__DATA__:
_ _ _ _
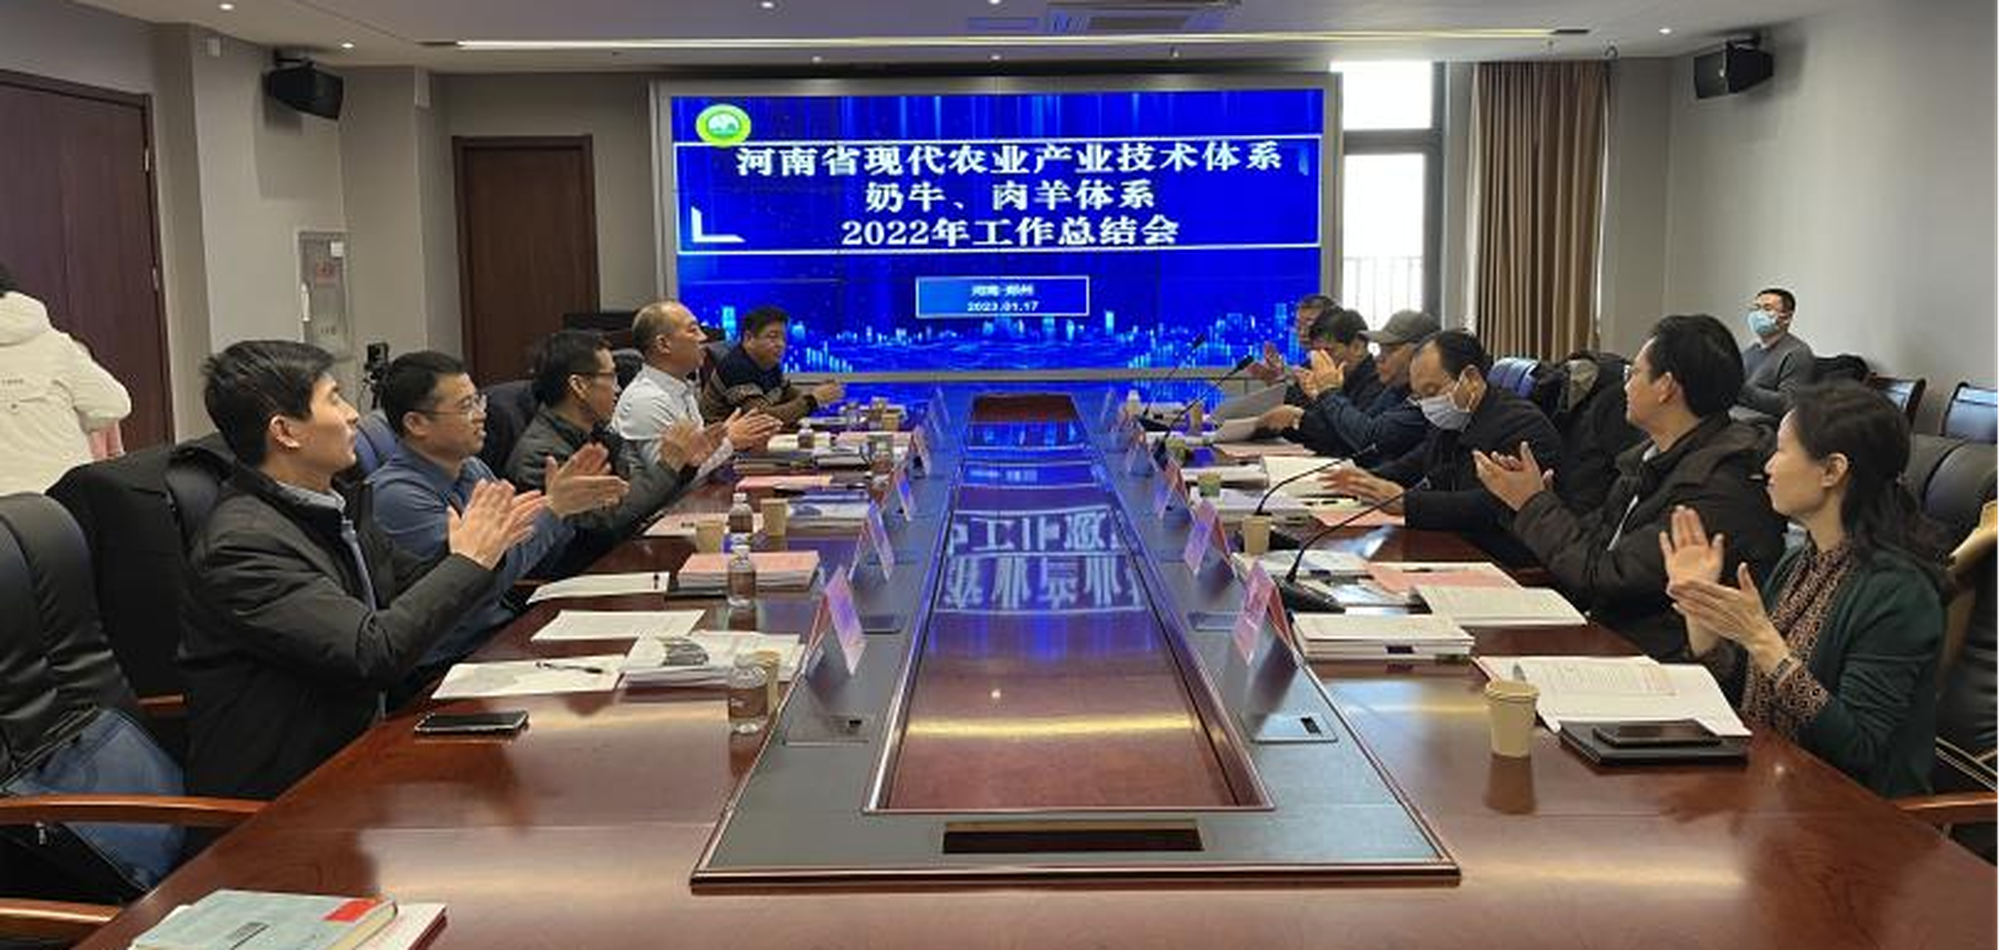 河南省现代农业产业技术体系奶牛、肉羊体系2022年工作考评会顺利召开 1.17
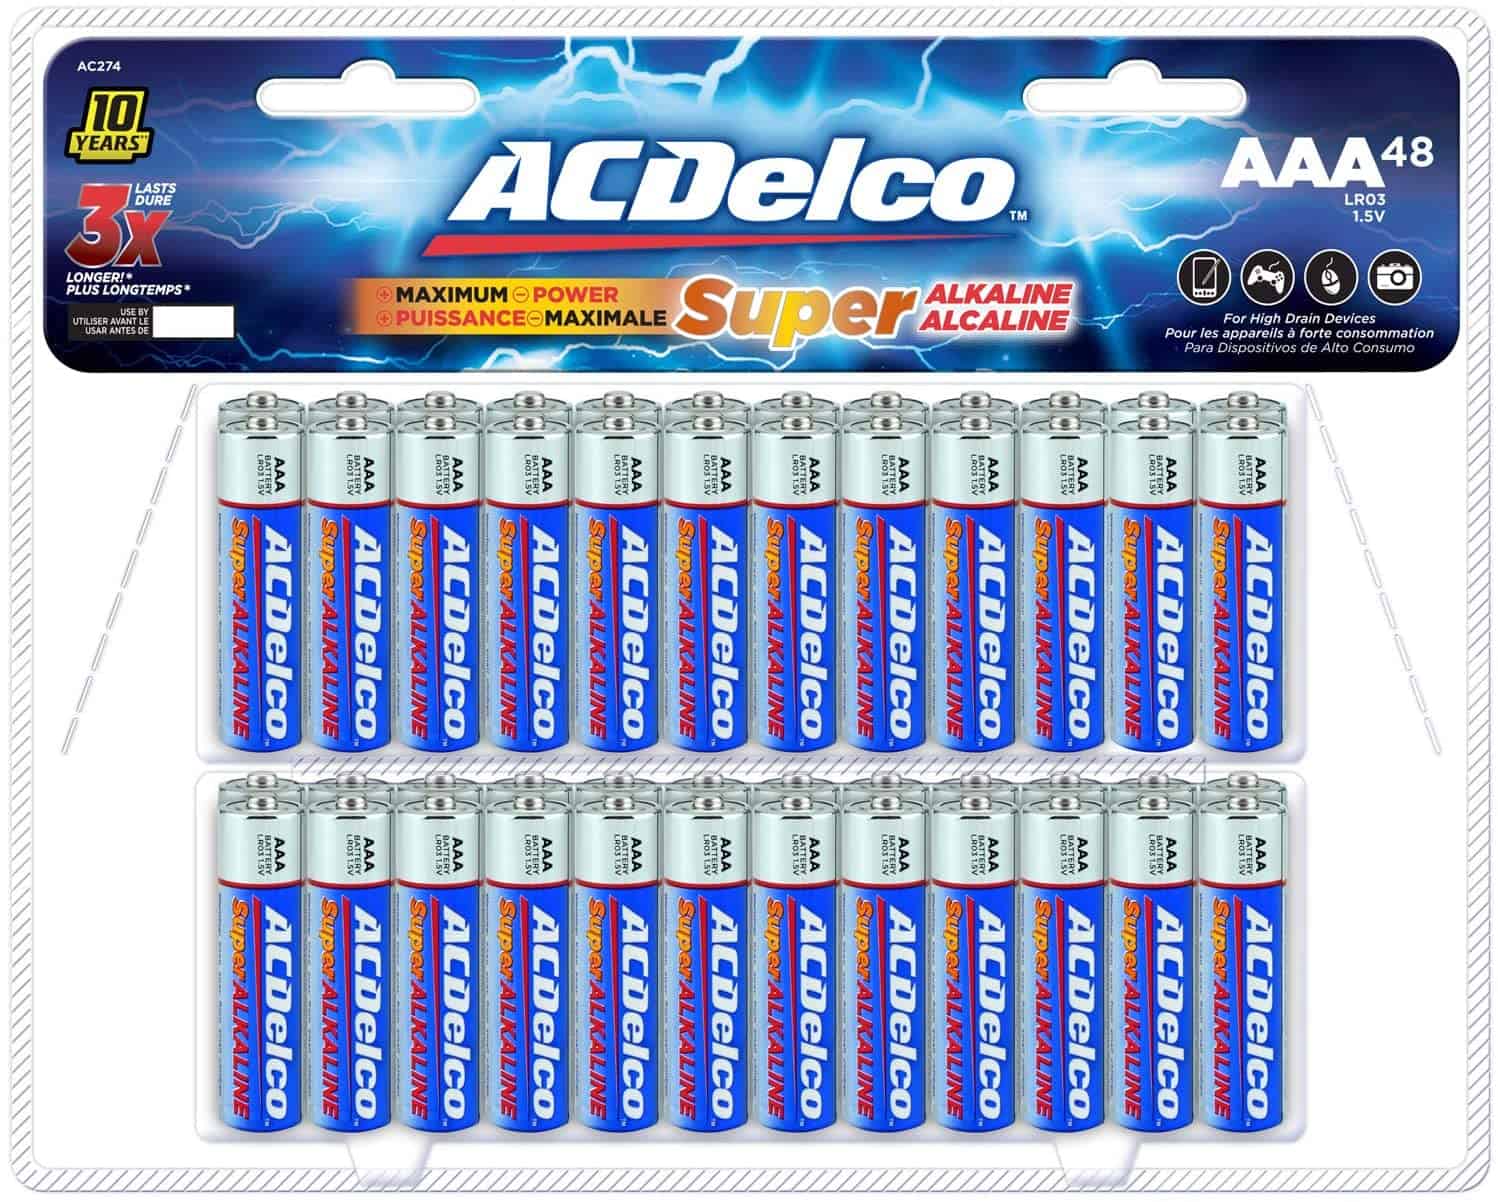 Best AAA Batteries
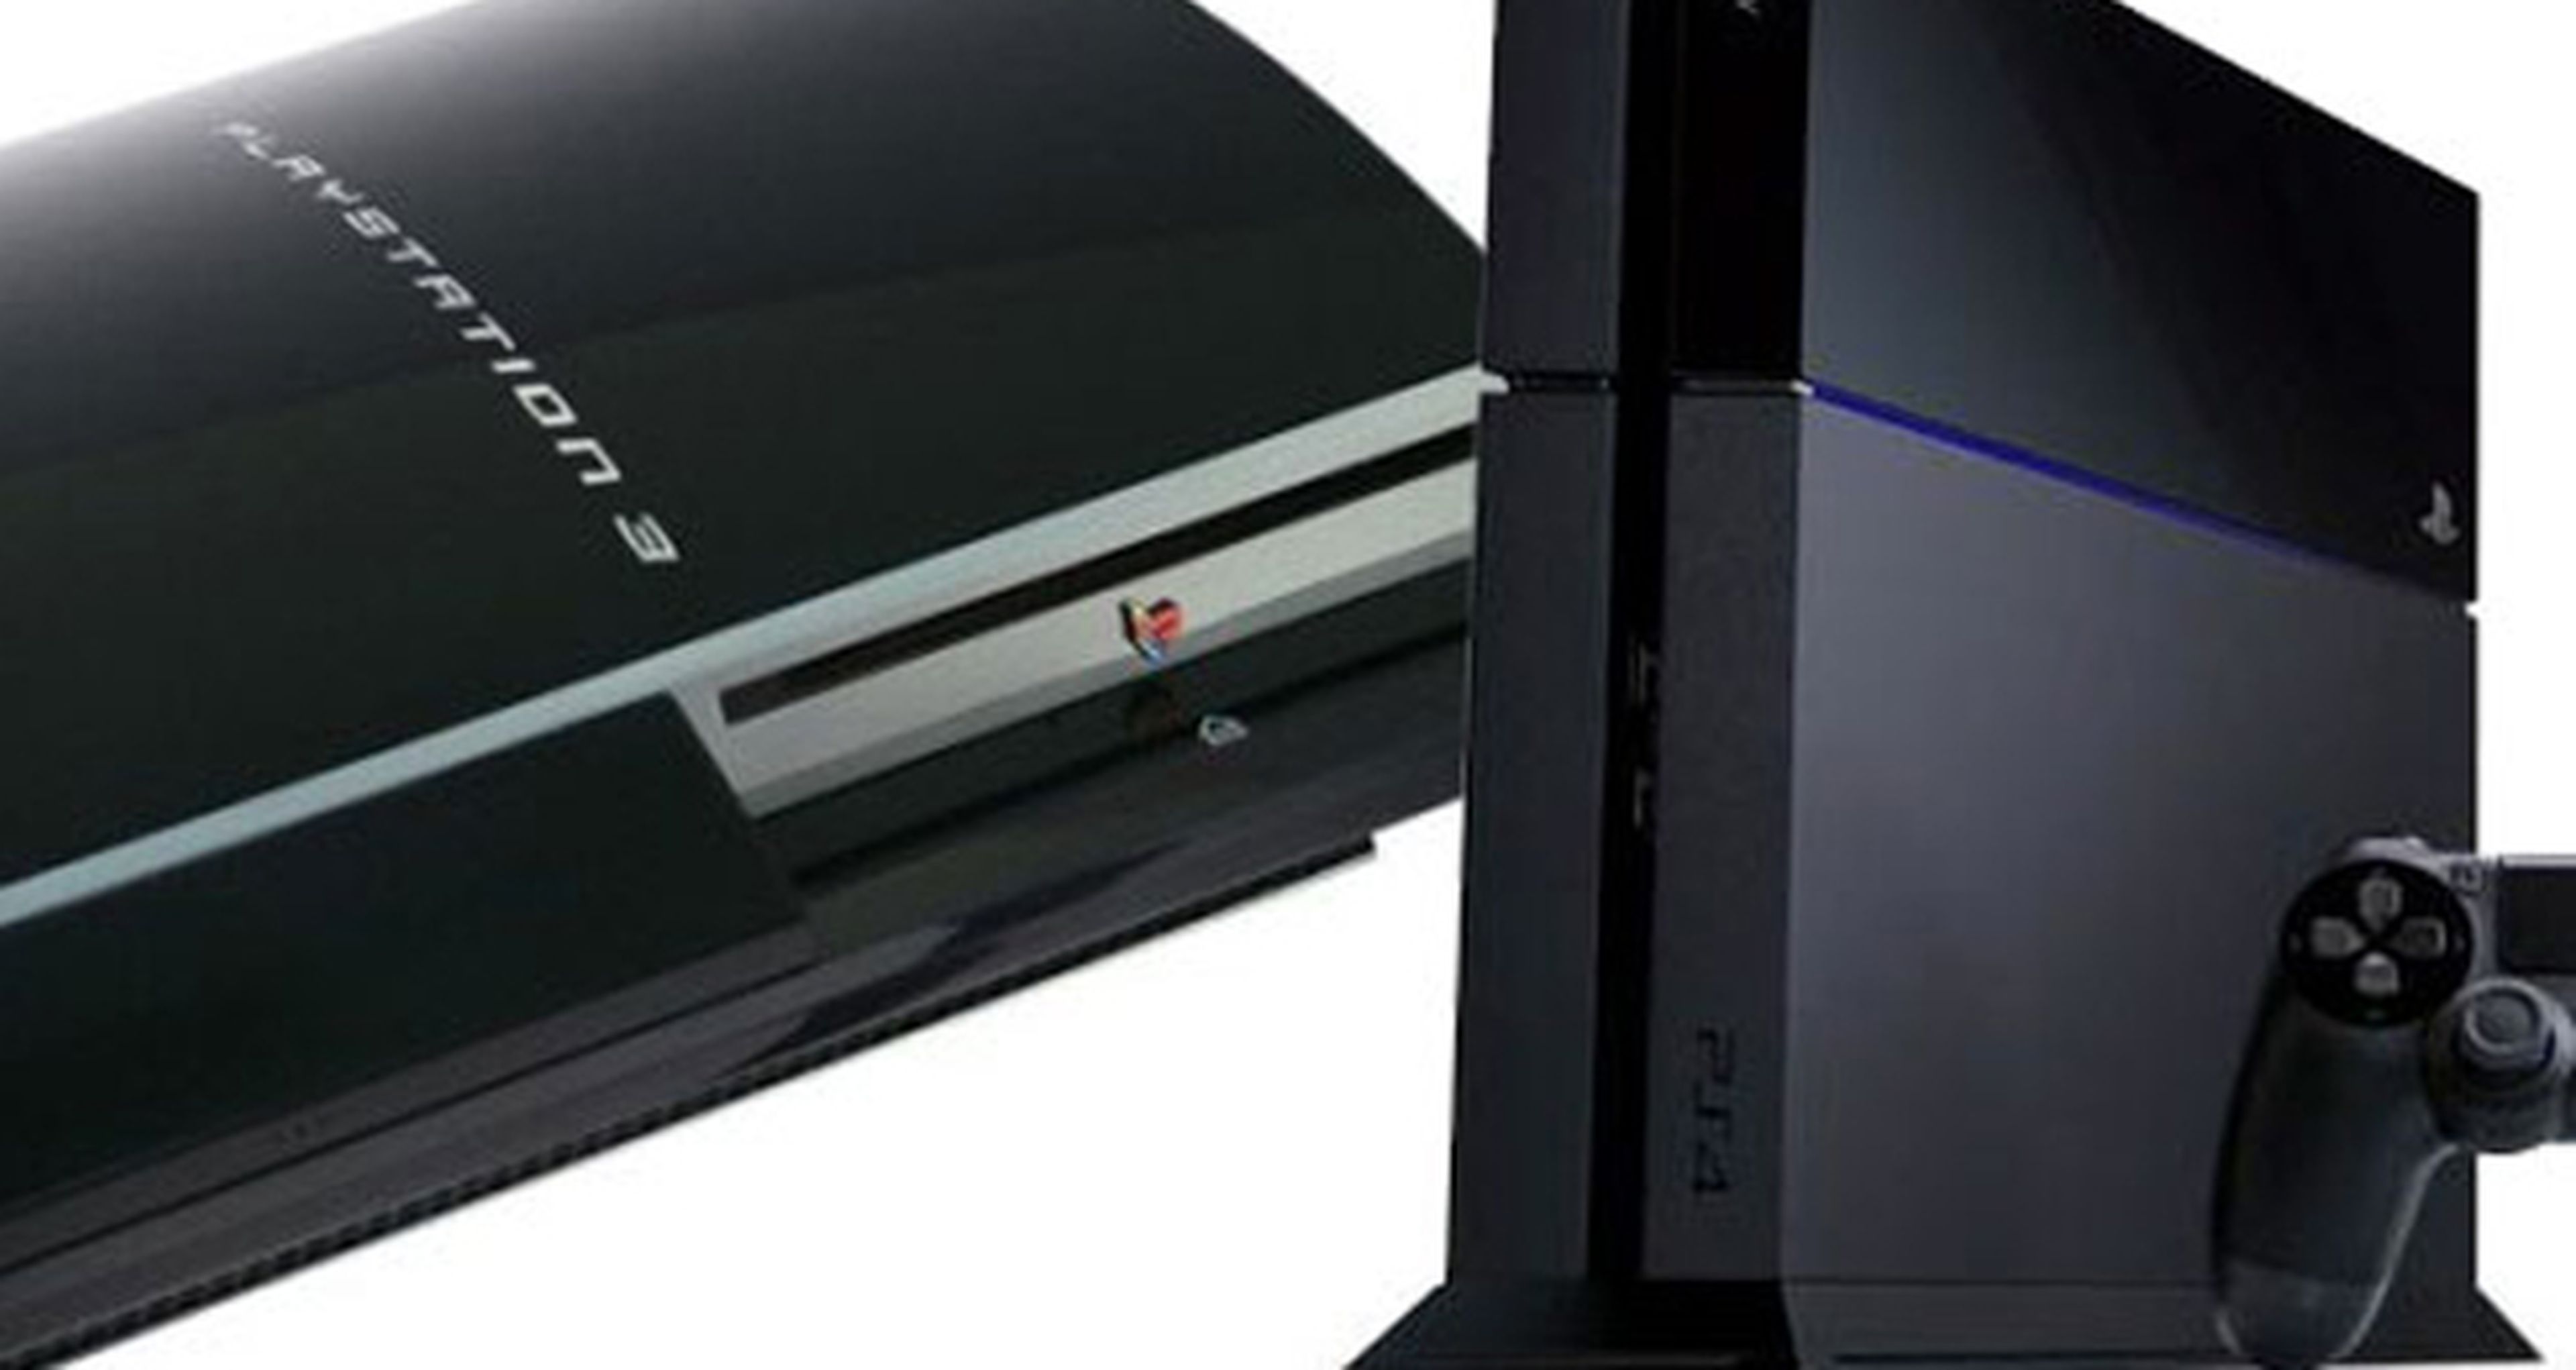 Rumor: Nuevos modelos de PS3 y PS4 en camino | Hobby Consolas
_ _ _ _
__WORK ORDER__: The data above should be returned in full, exactly as written, apart from its images.

__COMPLETED EXERCISE__:
 河南省现代农业产业技术体系奶牛、肉羊体系2022年工作考评会顺利召开 1.17
 Best AAA Batteries
 Rumor: Nuevos modelos de PS3 y PS4 en camino | Hobby Consolas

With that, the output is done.